That’s a wrap but what did we learn?

Thank you to @quirkywoodlands for generously creating this sketchnote based on #fellowshipat4 What a gift

This is the final day of Fellowship Week at NTU- this was a bit of an experiment. Our way of testing out some ideas to stretch and develop the ways in which we support NTU colleagues pursuing fellowship. We were at a good juncture to refresh our guidance and touchpoints with staff. Our observation was the often the completion of a fellowship submission, outside of the PGCert route, is isolating, fear-inducing and at times the response is to retreat, save it to later or hide out! In the back of our minds was the aspiration to turn up the volume on fellowship and the ambition to bring in the celebration to the process!

We have learnt a lot and we will be taking this learning forward as we develop our scheme. How annoying that we need to eat our own words here and become a more reflective provider of support (not just one that advocates others to reflect!) A couple of major learning points include:

  • People like to share and individuals gain a lot from the reassurance that others are in the same boat- how do we best encourage this sharing and the good conversations that can happen about fellowship?
  • Supplementing our “formal” documents with ones that use a more of a community-led voice rather than institutional branding/or text derived from accreditation documents. The intention here is to bring out the people side of fellowship with a hint of honesty and being purposeful about tapping into the personal motivations around fellowship
  • People tackle fellowship in many different ways- so our support mechanisms need to be flexible and agile.
  • We need to be making more use of the learning and teaching connections we have at the University- ensuring that fellowship isn’t a bolt on but an obvious link to scholarship and academic career development
  • How do we harness the wealth of support from a wider fellowship community?

A Fellowship Community

We started the week with a blog describing the local fellowship community at NTU- we end the week with recognition that this fellowship community doesn’t need to have a geographical boundary- in fact connections have been made with people working to schemes in Australia and Thailand alongside people who are working outside of an institution making direct applications to AdvanceHE. The community spirit has brought together different disciplines, institutions, roles and career phases, the unifying factor being the pursuit of doing a good job in learning and teaching.
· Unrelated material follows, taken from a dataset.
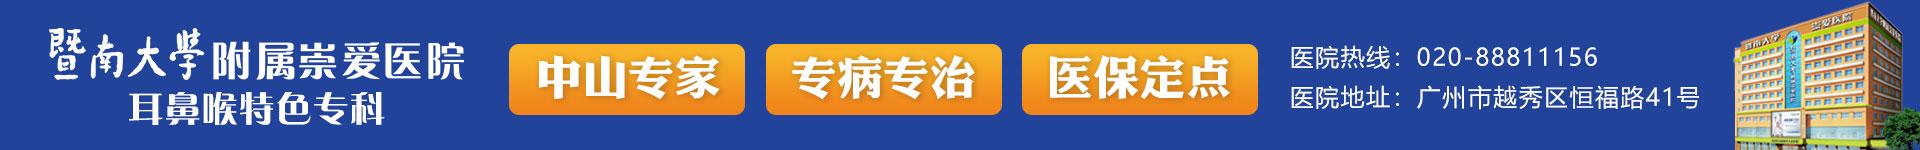 广州耳鼻喉医院

#fellowshipat4 was a means of extending our fellowship community- on the hunch that there is fellowship life out there! What a response- I don’t mean numbers or trending (#brexit took care of that!) but the depth of investment in replying to one another, sharing and understanding about where people are at with fellowship (and their careers in learning and teaching) was impressive.

I am so far away from understanding this (but here lies a personal learning goal!)
Thank you to @scottturneruon yet another example of collaborative spirit

There was warmth, sharing, motivational soundbites and advice- a sense of gone through the pain and come out the other side. So the real beauty of #fellowshipat4 was that the advice came from the community rather than the guidance documents that we use to support fellowship. The authentic voice, lived experience voice wasn’t lost here.

Now what?

  • We have to take stock. There’s the beginnings of a rich resource but currently the raw material needs curating. We will share as we develop this.
  • We will continue to embrace the learning aloud philosophy and openness to share resources to our newly found community.
  • We will continue to provoke the fellowship conversations on twitter via @NtuTilt
  • We will be creative in our approaches and not shy away from prototyping. In fact watch this space as we begin a collaboration with NTU Writer in Residence @brizzaling 
  • We think we might have another bash at Fellowship Week next year!